Socrates now aims to consider the tyrannical man and whether he is wretched or happy. Socrates first

examines desires, defining those which are lawless. Shameless things, such as murder, are included under

this definition. In reality we can see men who hold these sorts of shameless things in check, and some

who cannot. However, Socrates argues that these lawless desires are present in everyone when dreaming

because the rational part of the soul is inactive. The tyrannical man exhibits these lawless desires even

while awake. The tyrannical man is the son of the democratic man. The father settled mid-way between

the ways of his father’s oligarchic desires and those of the corrupters to become democratic. In the same

way the tyrannical man will settle lower than his father, becoming frenzied and purged of moderation.

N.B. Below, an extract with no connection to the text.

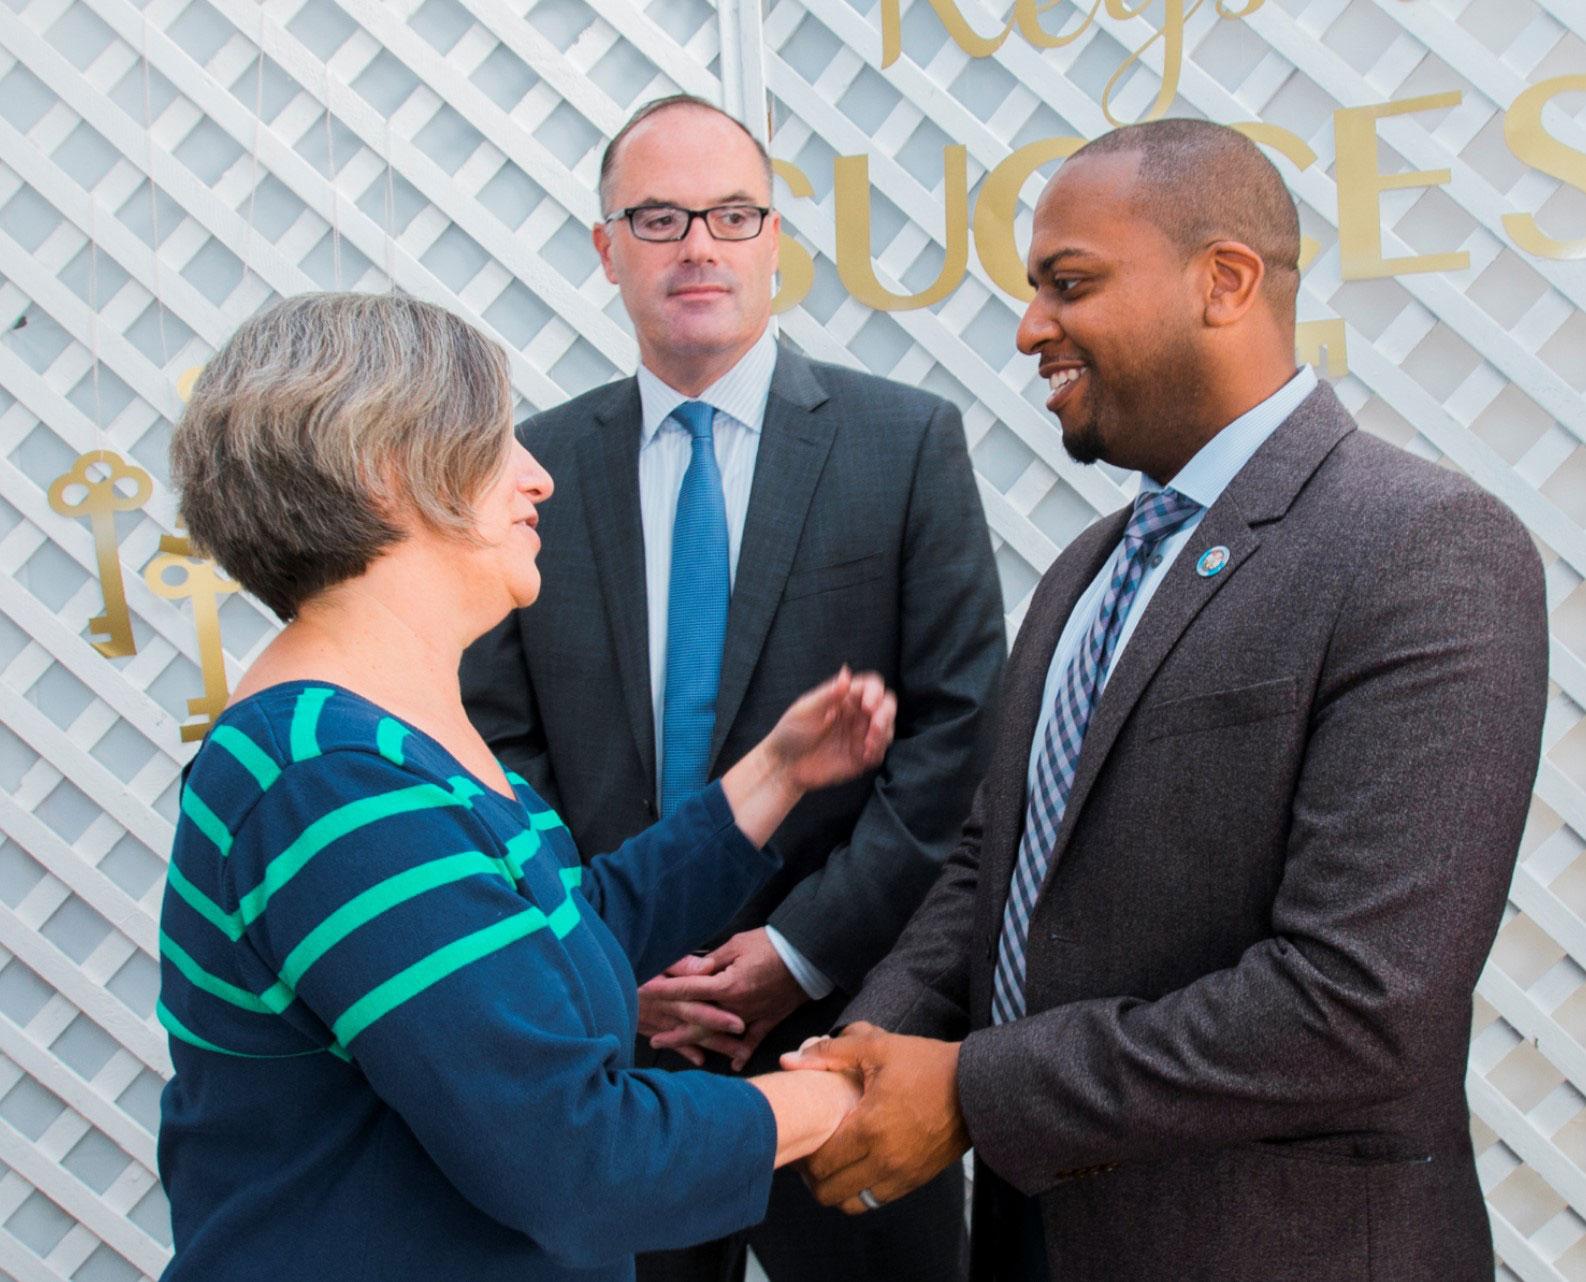 Administrative Internship program members shaking hands
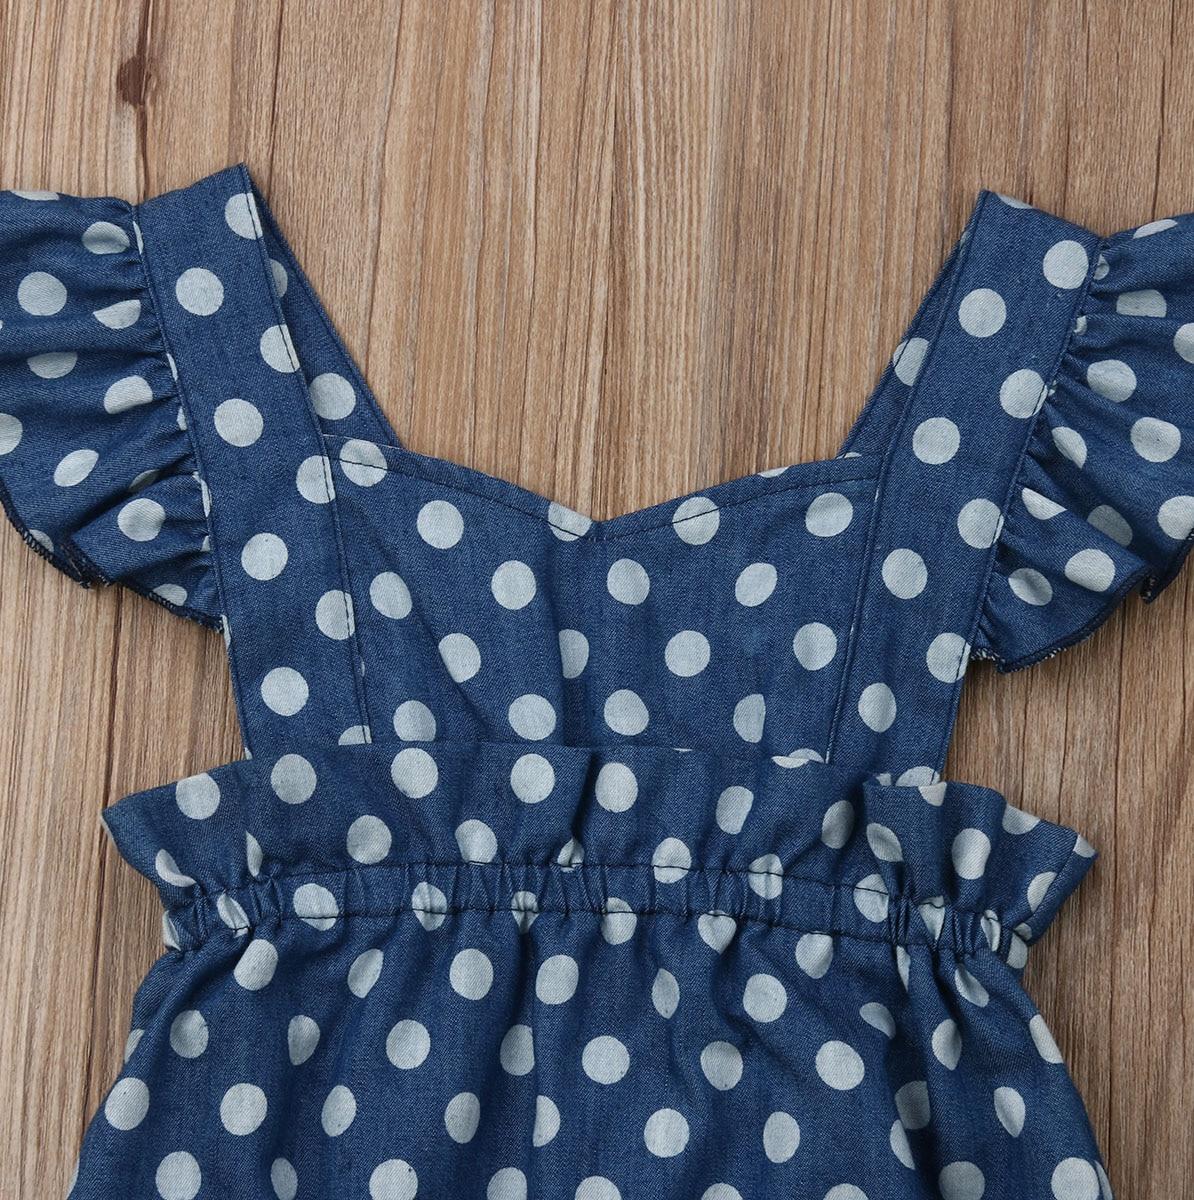 squarex Baby Cactus Floral Print Vest Sleeveless Backless Romper Jumpsuit

This is due to the erotic love instilled in him by his corrupters, which will fester and grow until he has

been consumed. The life of the tyrannical man is one which indulges constantly in feasts, luxuries and

girlfriends; a life ruled by the appetites. Eventually he will run out of money and will thus borrow more to

meet his desires. When his line of credit is no more he will resort to violence and force. He will steal from

his parents, loot temples and commit many unjust acts to satisfy his desires. Through this life of deceit

and violence he will eventually have no friends. At this point Socrates begins to equate the soul of the

man with a city ruled by a tyrant. As a city is enslaved, so the soul of the tyrant is enslaved by his erotic

love and its corresponding desires. The city is the poorest and full of fear. The soul of the tyrant is the

same, becoming the most wretched, according to Glaucon. However, Socrates does not believe this

‘private tyrant’ is the most wretched but that the tyrant who engages in political life will be even more so.

He compares this tyrant to a wealthy man with many slaves. This man does not fear his slaves on account

that other free man will come to his aid in an uprising. But, were this man to be taken away from this sort

of constitution he would need to use every means of negotiation to save his own life. Furthermore, if he

were placed in a constitution that did not tolerate slavery he would be in even more trouble. Likewise, the

tyrant, filled with fear and his desires is constantly at war within himself. He cannot travel for fear of

being killed, confined to his city and envying others. Not only is this reigning tyrant more wretched than

the private but he—the most unjust of all—is the least happy of all other types of rulers. This is the first

of three arguments Socrates will use to address the issue of injustice versus justice in itself.